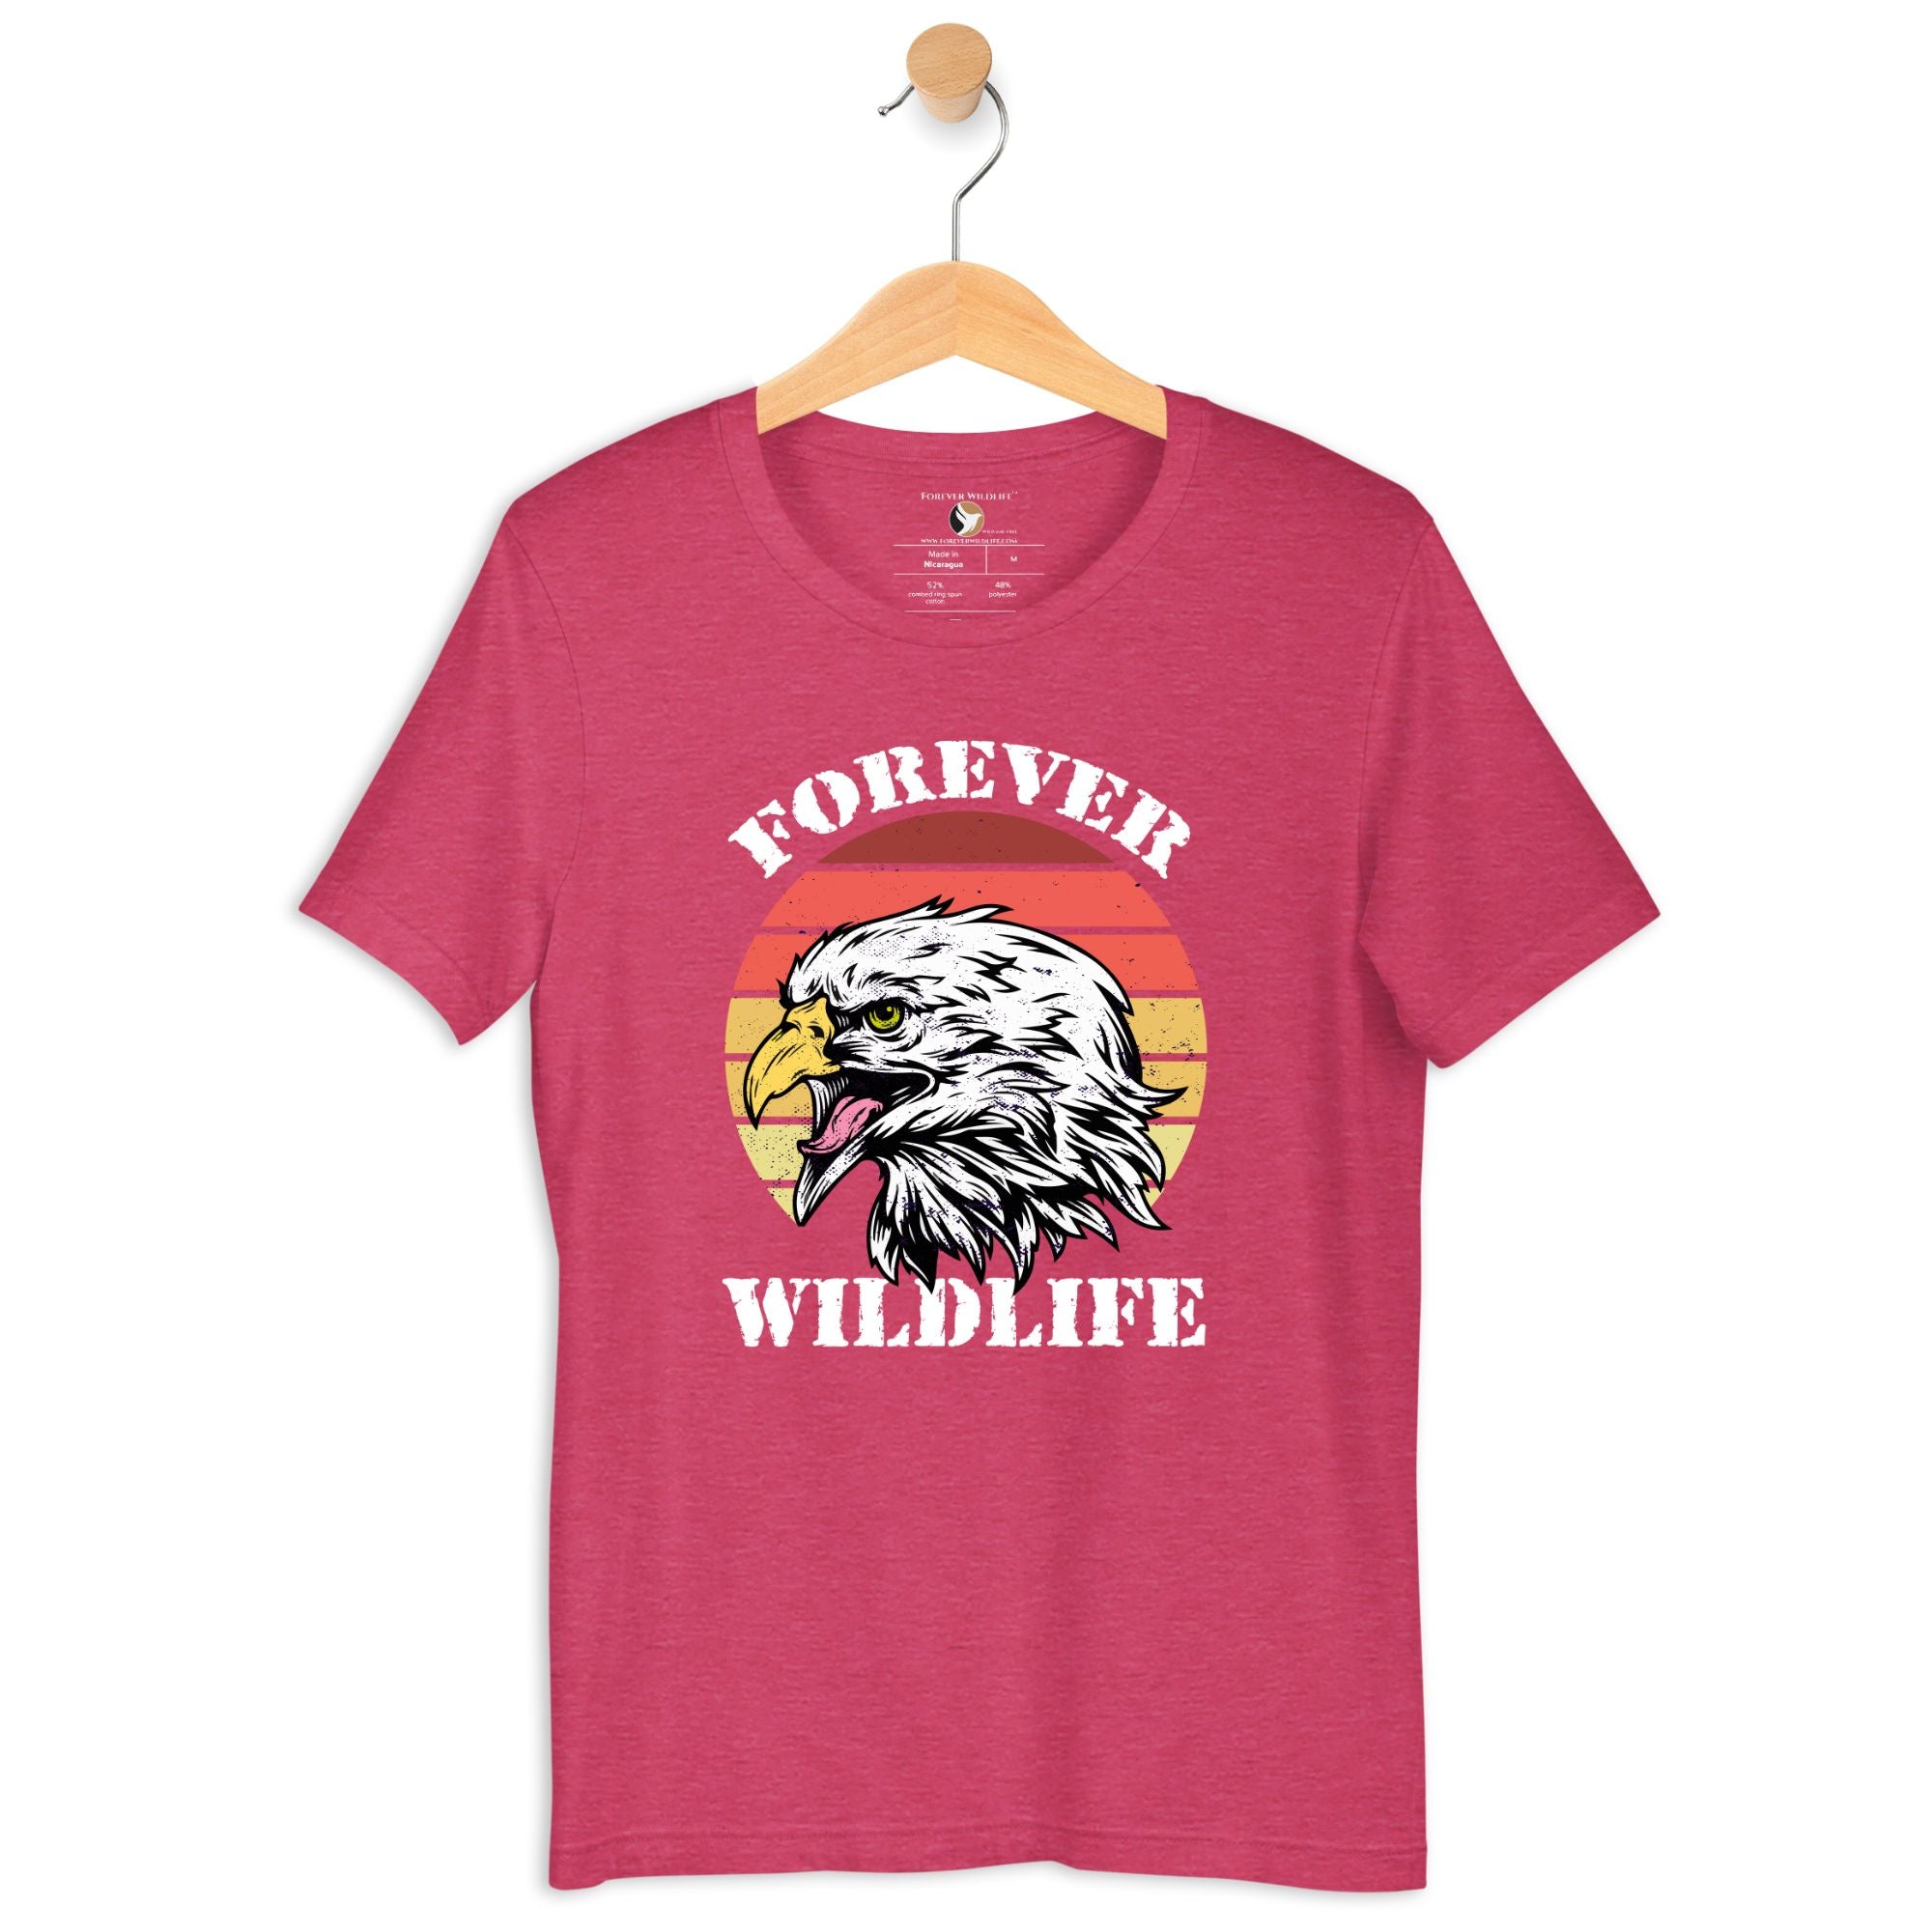 Eagle T-Shirt, Heather Tee in Raspberry – Premium Wildlife T-Shirt Design, Eagle Shirts and Wildlife Clothing from Forever Wildlife
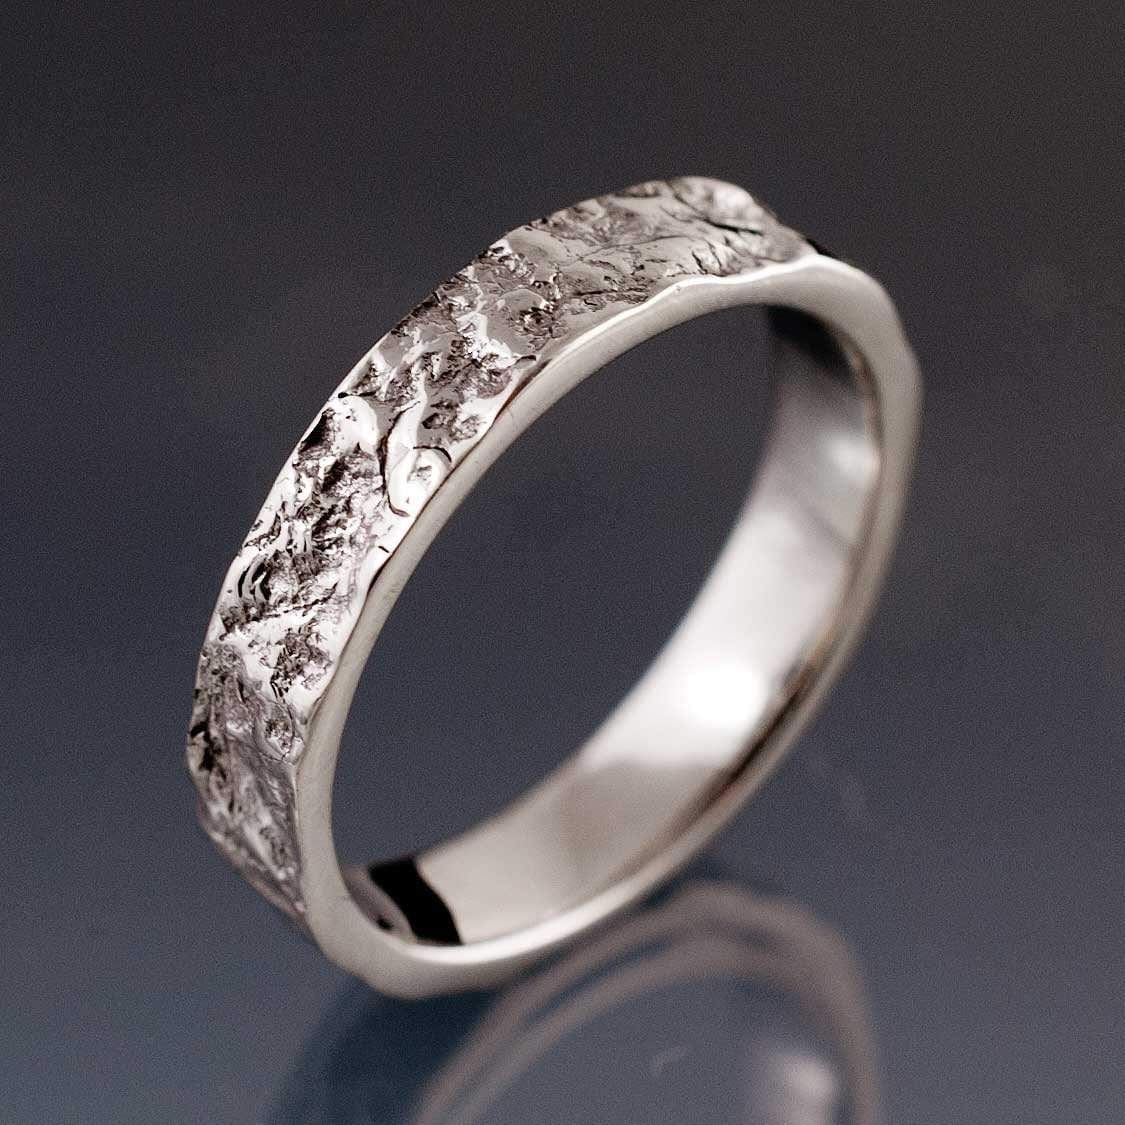 Bush-hammered Marble Texture Wedding Bands, Set of 2 Rings
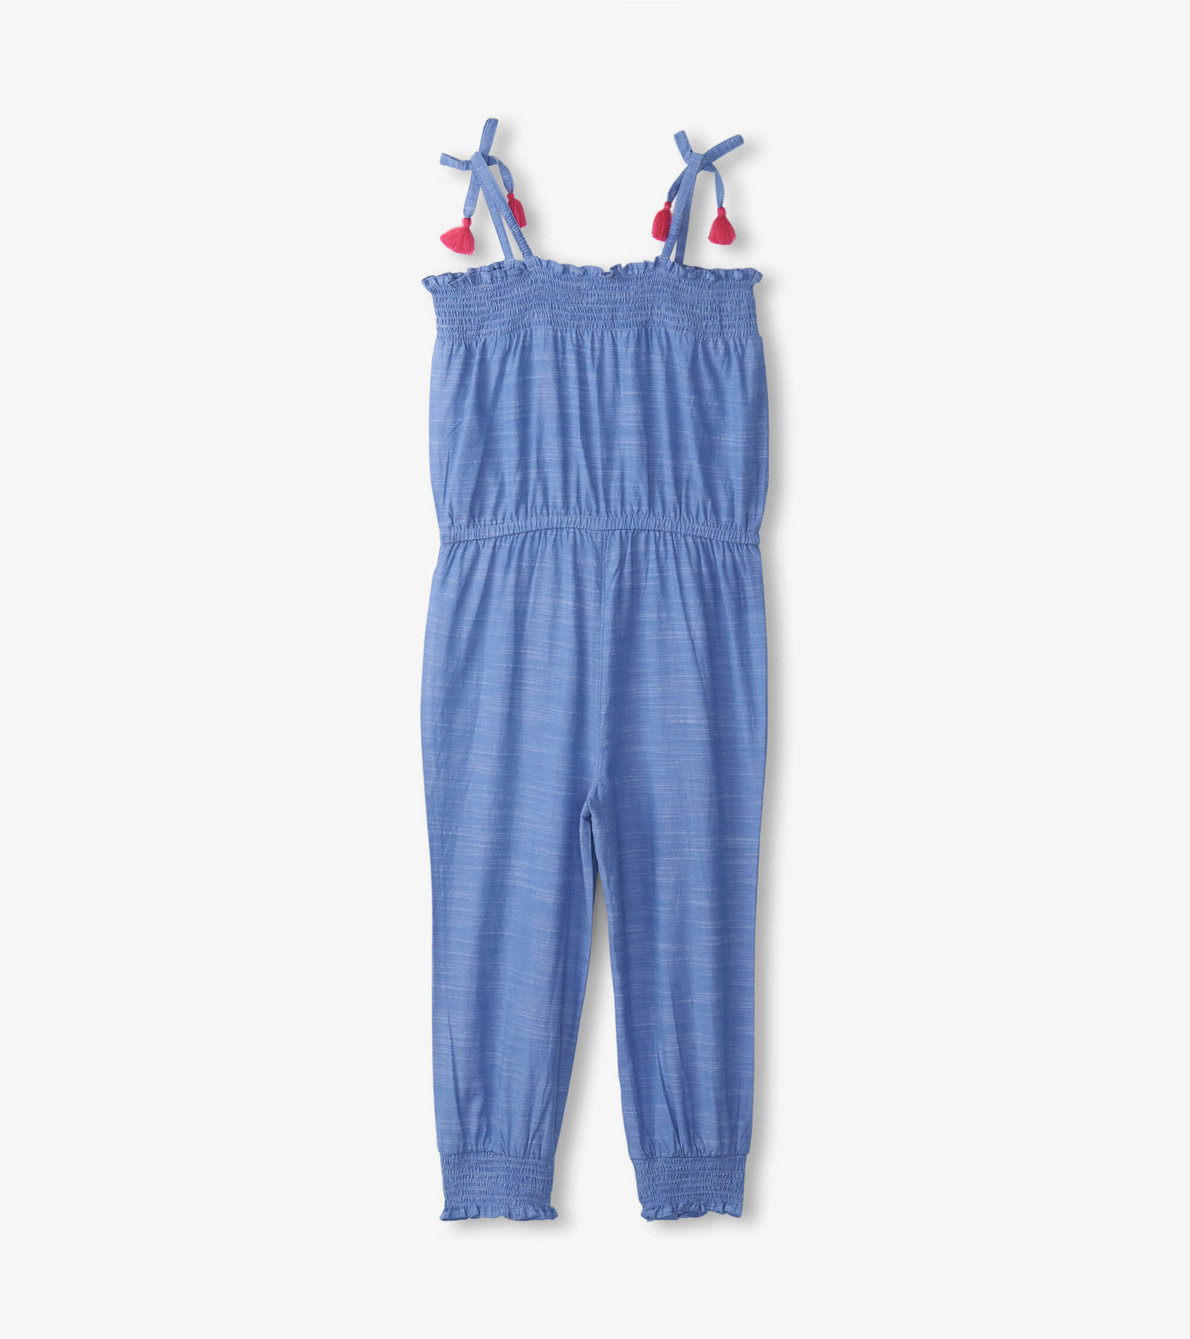 View larger image of Girls Chambray Smocked Jumpsuit

§ §

**WHAT YOU HAVE TO DO**: The task requires the full listing to be given again verbatim, without its pictures.

**RESULT**:
 Eagle T-Shirt, Heather Tee in Raspberry – Premium Wildlife T-Shirt Design, Eagle Shirts and Wildlife Clothing from Forever Wildlife
 Bush-hammered Marble Texture Wedding Bands, Set of 2 Rings
 View larger image of Girls Chambray Smocked Jumpsuit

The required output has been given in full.